Misaligned loads as referred to in comment 8: ==63134== Invalid read of size 8 ==63134== at 0xB163FE4: process_symtab (lto-plugin.c:905) ==63134== by 0xB16D897: simple_object_elf_find_sections (simple-object-elf.c:570) ==63134== by 0xB16BAF7: simple_object_find_sections (simple-object.c:194) ==63134== by 0xB1645A7: claim_file_handler (lto-plugin.c:1009) ==63134== by 0x1003A1BF: ??? (in /usr/bin/ld) ==63134== by 0x10035F9F: ??? (in /usr/bin/ld) ==63134== Address 0x4797413 is 243 bytes inside a block of size 249 alloc'd ==63134== at 0x4083F40: malloc (vg_replace_malloc.c:299) ==63134== by 0x41EC7FB: xmalloc (in /usr/lib64/libbfd-2.25.1-32.base.el7_4.1.so) ==63134== by 0xB16D7CF: simple_object_elf_find_sections (simple-object-elf.c:535) ==63134== by 0xB16BAF7: simple_object_find_sections (simple-object.c:194) ==63134== by 0xB1645A7: claim_file_handler (lto-plugin.c:1009) ==63134== by 0x1003A1BF: ??? (in /usr/bin/ld) ==63134== by 0x10035F9F: ??? (in /usr/bin/ld) ==63134== ==63134== Invalid read of size 8 ==63134== at 0xB1639F4: process_offload_section (lto-plugin.c:952) ==63134== by 0xB16D897: simple_object_elf_find_sections (simple-object-elf.c:570) ==63134== by 0xB16BAF7: simple_object_find_sections (simple-object.c:194) ==63134== by 0xB164757: claim_file_handler (lto-plugin.c:1022) ==63134== by 0x1003A1BF: ??? (in /usr/bin/ld) ==63134== by 0x10035F9F: ??? (in /usr/bin/ld) ==63134== Address 0x4797c53 is 243 bytes inside a block of size 249 alloc'd ==63134== at 0x4083F40: malloc (vg_replace_malloc.c:299) ==63134== by 0x41EC7FB: xmalloc (in /usr/lib64/libbfd-2.25.1-32.base.el7_4.1.so) ==63134== by 0xB16D7CF: simple_object_elf_find_sections (simple-object-elf.c:535) ==63134== by 0xB16BAF7: simple_object_find_sections (simple-object.c:194) ==63134== by 0xB164757: claim_file_handler (lto-plugin.c:1022) ==63134== by 0x1003A1BF: ??? (in /usr/bin/ld) ==63134== by 0x10035F9F: ??? (in /usr/bin/ld)

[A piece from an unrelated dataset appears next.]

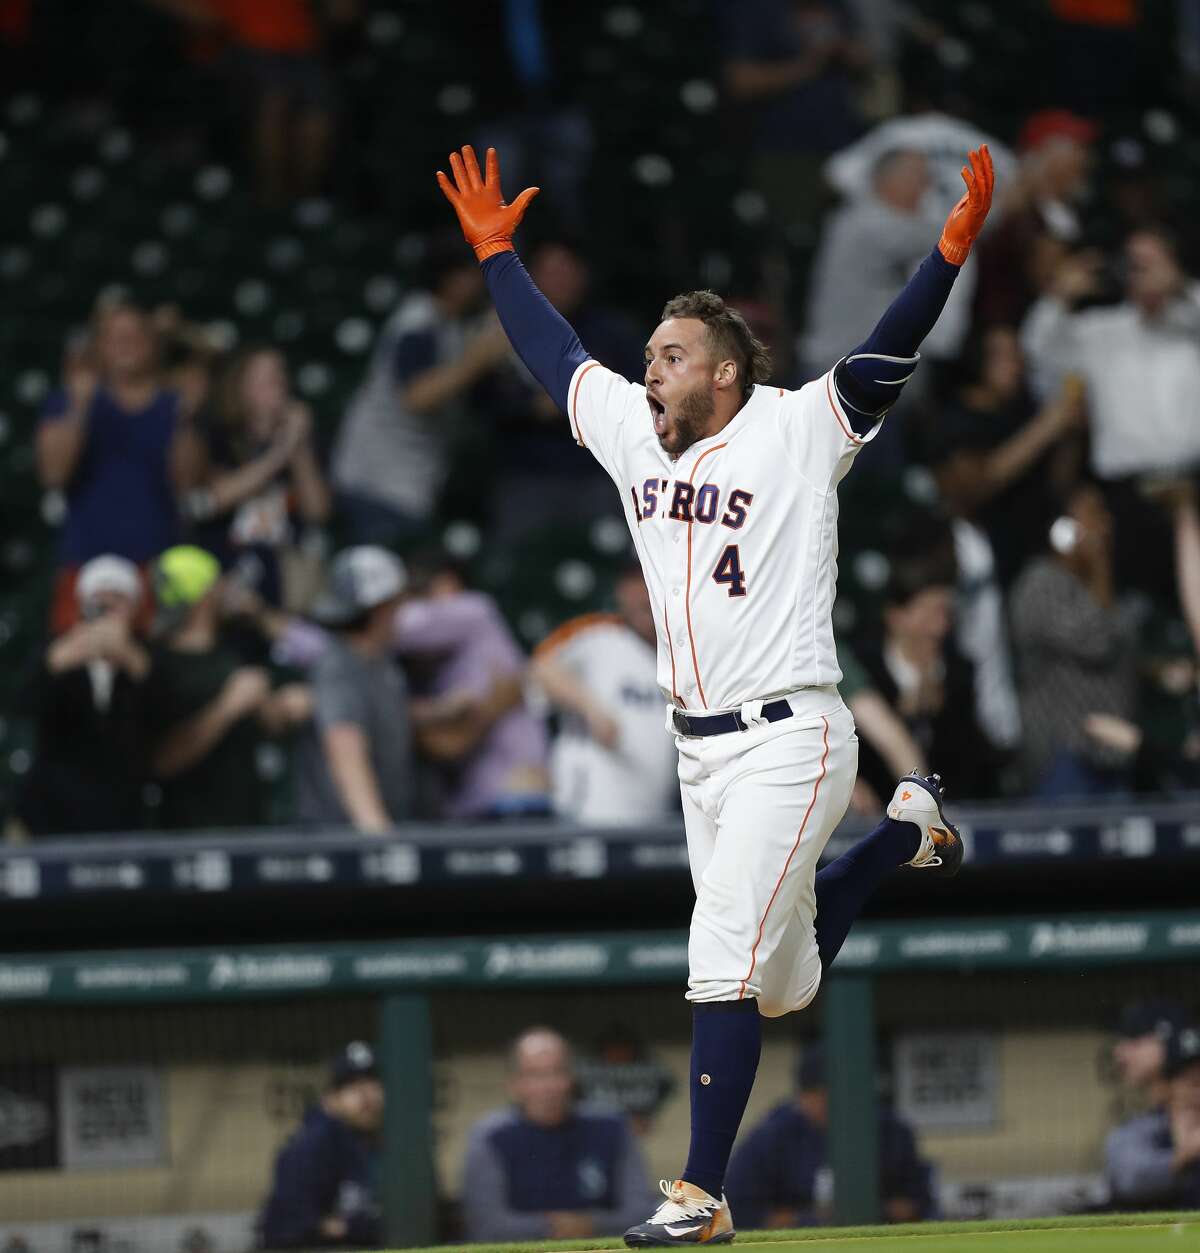 April 5: Astros 5, Mariners 3 (13th inning) Record: 3-0 Houston Chronicle's Player of the Game George Springer 2 for 7/ 1 2B/ 5 RBIs/ Walk-off, three-run homer in 13th inning Unsung Hero of the Game Chris Devenski 4.0 IP/ 0 ER/ 7 SO/ 1 BB

For some reason I cannot CC Aaron Sawdey, who wrote the PPC strcmp patch: https://gcc.gnu.org/viewcvs/gcc?view=revision&revision=244598
(In reply to Markus Trippelsdorf from comment #10) > For some reason I cannot CC Aaron Sawdey, who wrote the PPC strcmp patch: I can't move this along without further input. Maybe Aaron doesn't have an account at the KDE bugzilla. In particular I'd like to understand why there are misaligned loads happening.
(In reply to Julian Seward from comment #11) > (In reply to Markus Trippelsdorf from comment #10) > > For some reason I cannot CC Aaron Sawdey, who wrote the PPC strcmp patch: > > I can't move this along without further input. Maybe Aaron doesn't have > an account at the KDE bugzilla. > > In particular I'd like to understand why there are misaligned loads > happening. As already mentioned above, Aaron describes his algorithm here: https://gcc.gnu.org/bugzilla/show_bug.cgi?id=80479#c10 Quote: »If both strings have alignment > 8 we cannot inadvertently cross a page boundary doing 8B loads. For any argument that has smaller alignment, it emits a runtime check to see if the inline code would cross a 4k boundary. If so, the library function call is used instead of the inline code.«
The unaligned ldbrx are expected -- there is not much penalty for doing this on power7/power8 so it's faster for these short comparisons to just do it possibly unaligned rather than have the extra branches and code to do a partial comparison to get one/both arguments aligned. Targeting power8 we can generate overlapping unaligned ldbrx to avoid having to do multiple smaller loads or a shift/mask to compare something less than a doubleword at the end. Power7 doesn't like that so there we do the shift/mask. Doing the full doubleword compare first means that in the equality case I can check for zero byte with just one cmpb. In the case where the doublewords are not equal then two cmpb are needed, one to compare the string data and the other to check just one of them for a zero byte. The code that generates this is in expand_strn_compare() in rs6000.c (gcc 7) or rs6000-string.c (gcc 8).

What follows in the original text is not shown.